» PROBLEM
Transcribe everything in the listing as written, and let no image into the copy.

» SOURCE MATERIAL
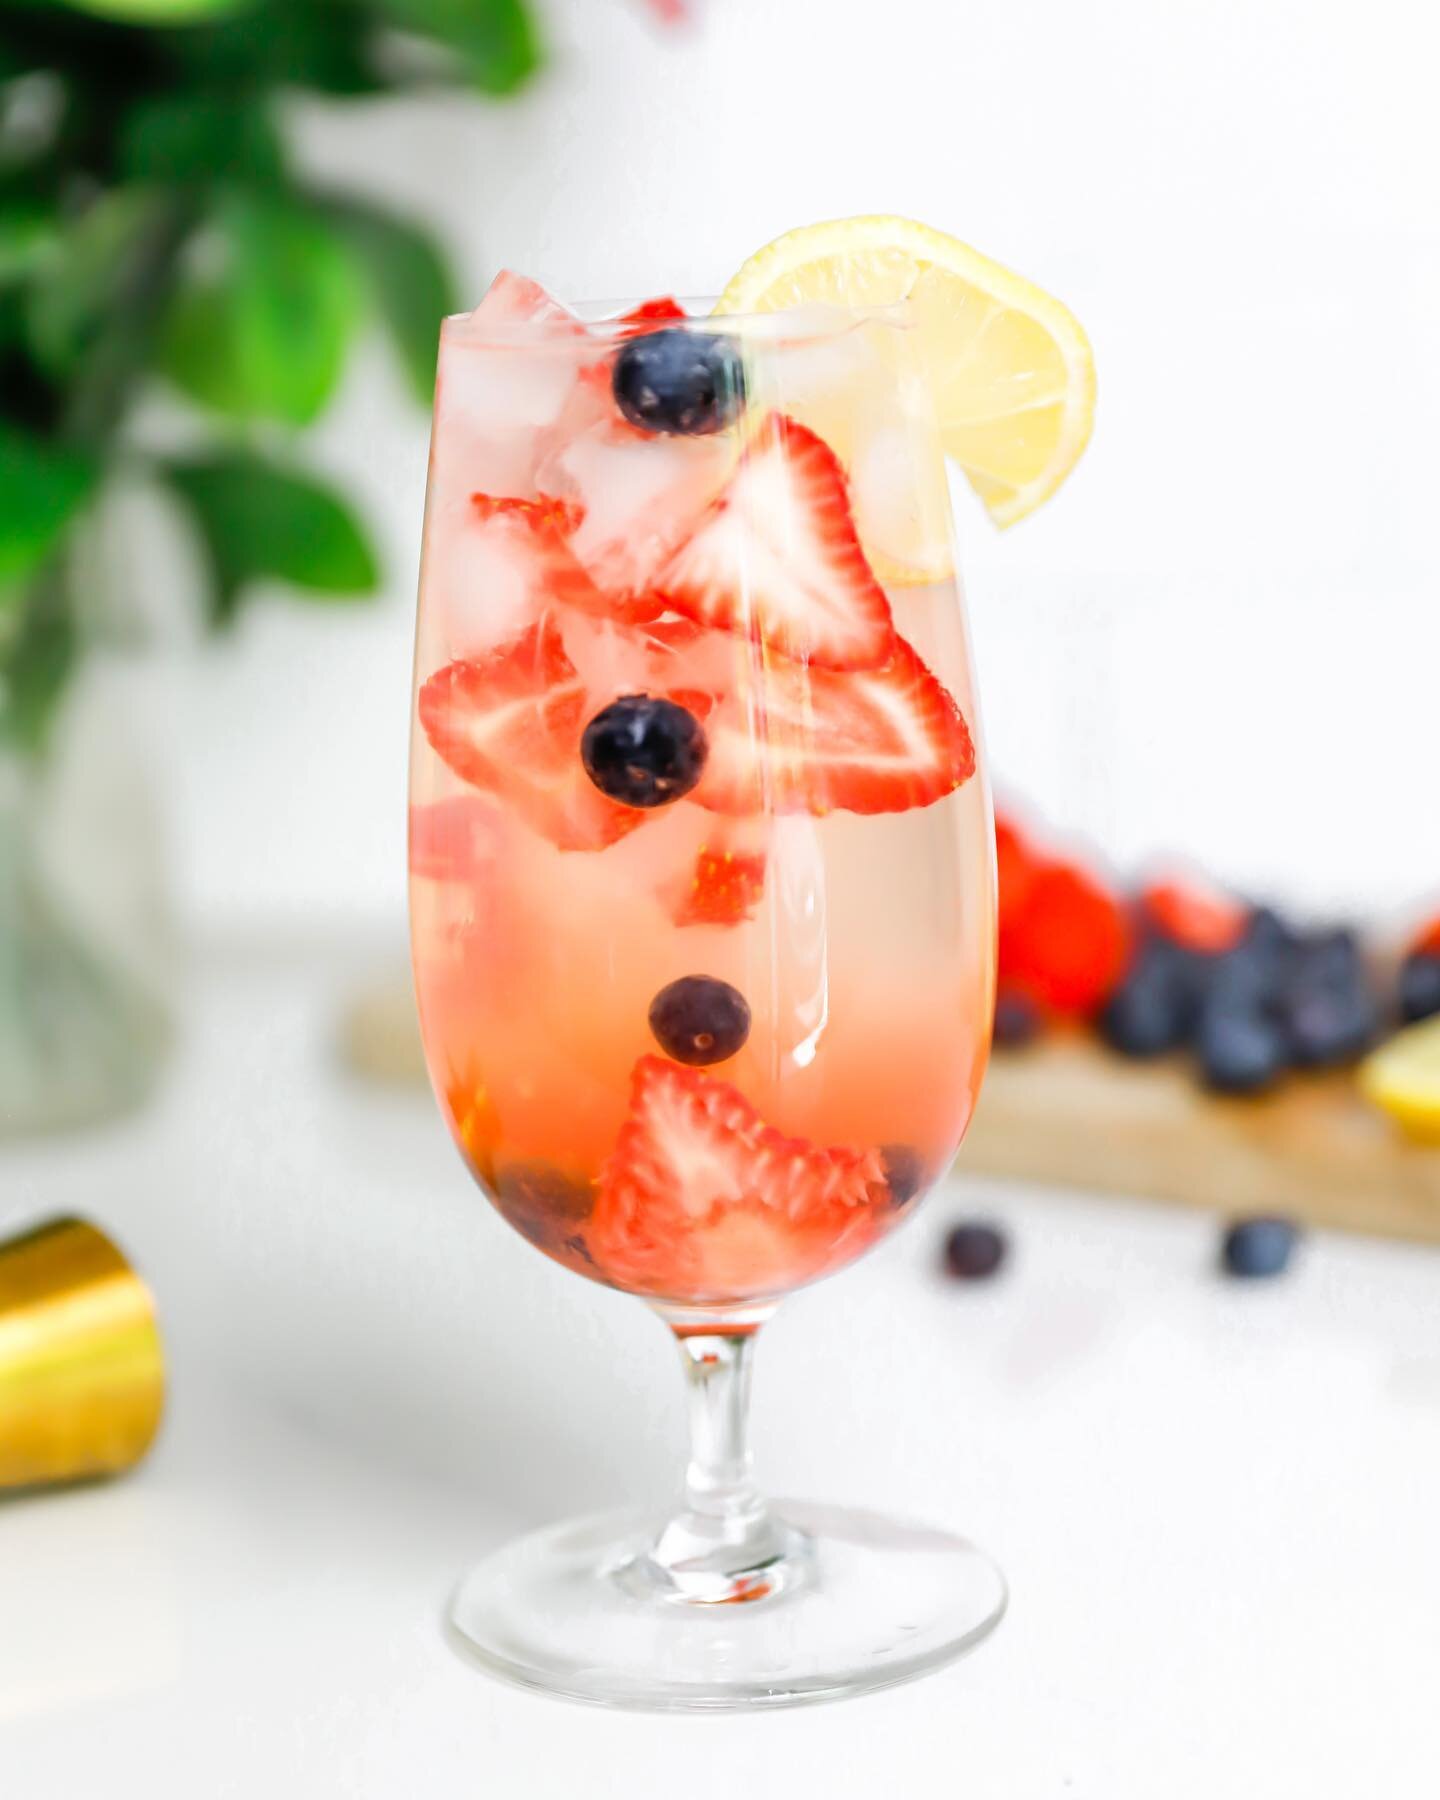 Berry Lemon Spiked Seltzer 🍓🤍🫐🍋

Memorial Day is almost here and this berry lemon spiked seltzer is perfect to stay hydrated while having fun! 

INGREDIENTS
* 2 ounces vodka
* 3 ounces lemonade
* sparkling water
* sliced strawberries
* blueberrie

» WORKED SOLUTION
 Berry Lemon Spiked Seltzer 🍓🤍🫐🍋

Memorial Day is almost here and this berry lemon spiked seltzer is perfect to stay hydrated while having fun! 

INGREDIENTS
* 2 ounces vodka
* 3 ounces lemonade
* sparkling water
* sliced strawberries
* blueberrie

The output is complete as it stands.